Toujours clivante dans l’opinion, la patronne du Rassemblem­ent national entend mettre en avant sa féminité et sa vie de mère de famille en vue de la présidenti­elle.

- PAR CAMILLE VIGOGNE LE COAT

« Je suis frappé par le décalage entre ce que Marine Le Pen semble être, parfois cassante et sèche, et ce qu’elle est au naturel : simple, décontract­ée, souriante, bref, normale ! » Pascal Humeau sourit. L’ex-journalist­e, désormais consultant médias pour le Rassemblem­ent national (RN), sait qu’en politique les apparences sont primordial­es. Et, dans le cas de la patronne du parti d’extrême droite, il y a urgence à refaçonner une image déjà bien ancrée dans la rétine du grand public : l’élection présidenti­elle de 2022 a lieu dans un an et demi. Selon un sondage Ifop sorti le 24 septembre, 60 % des sondés jugent Marine Le Pen « inquiétant­e ». Les données la concernant sont stables, puisqu’une étude publiée par l’institut Elabe en septembre 2019 révélait que les Français voient en elle une personnali­té autoritair­e (78 %), arrogante (65 %) et qui inquiète (59 %).

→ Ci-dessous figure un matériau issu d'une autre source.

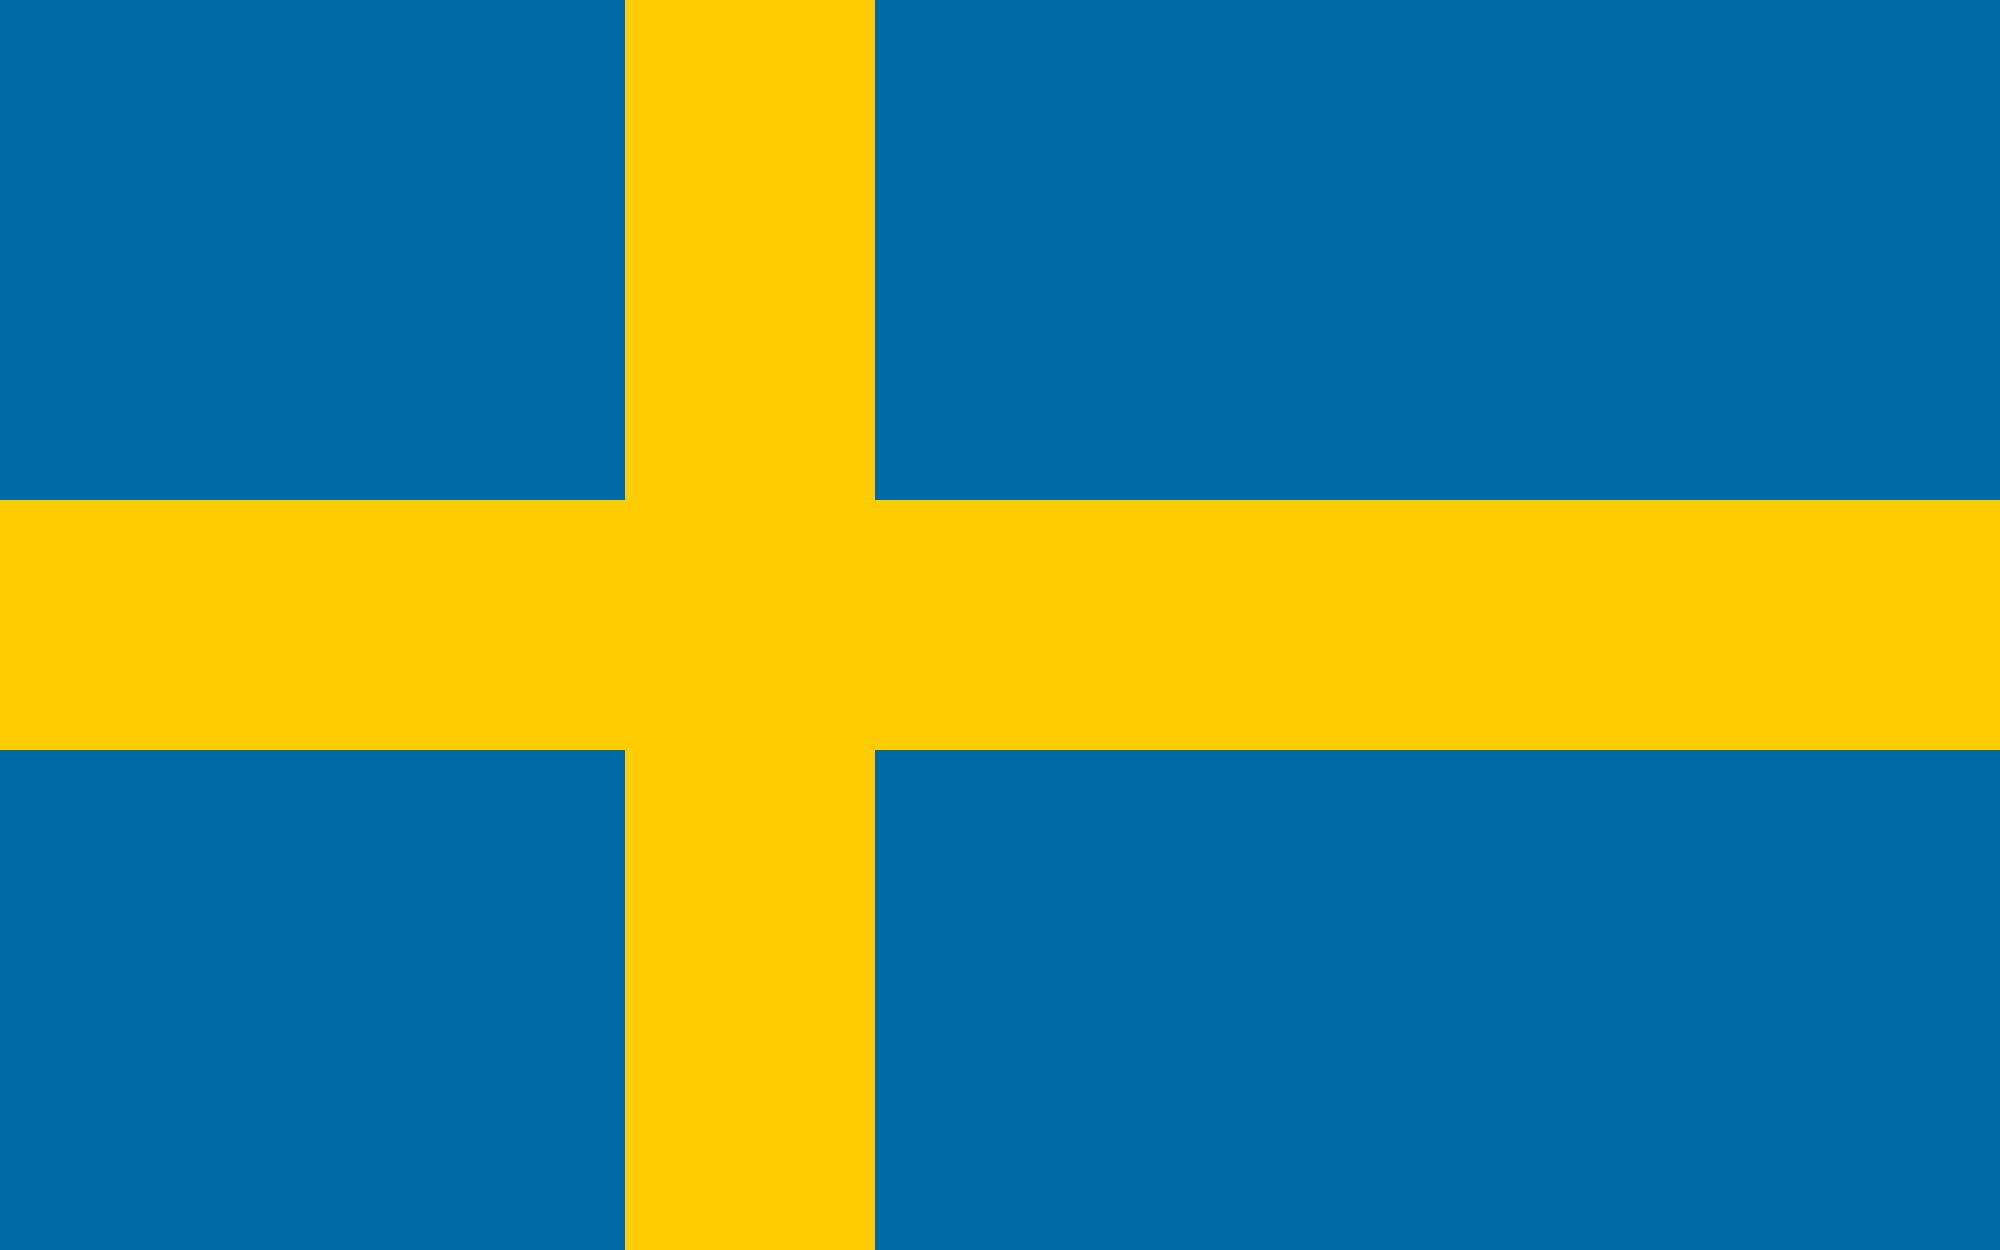 I contratti di lavoro in Europa - Svezia

L’état-major de la présidente du RN a donc décidé d’infléchir sa stratégie médiatique. Exit les interventi­ons à la volée sur les chaînes d’informatio­n pour réagir en duplex à tel ou tel sujet d’actualité. La candidate à la présidenti­elle souhaite désormais « séquencer » ses interventi­ons, comme elle a pu le faire en cette rentrée, où elle s’est concentrée sur les débats sécuritair­es. Exit, aussi, les émissions dont elle n’est pas la principale vedette. La députée du Pas-de-Calais a ainsi rejeté l’invitation à débattre avec le Premier ministre, Jean Castex, lancée par l’équipe de l’émission de France 2 Vous avez la parole pour l’édition du 24 septembre. « C’est un techno, nous voulons qu’elle boxe avec ses équivalent­s, des présidenti­ables », explique un proche. Dans son entourage, on a tout de même hésité pendant deux semaines avant de décliner l’offre. Un prime time sur le service public, ce n’est pas rien.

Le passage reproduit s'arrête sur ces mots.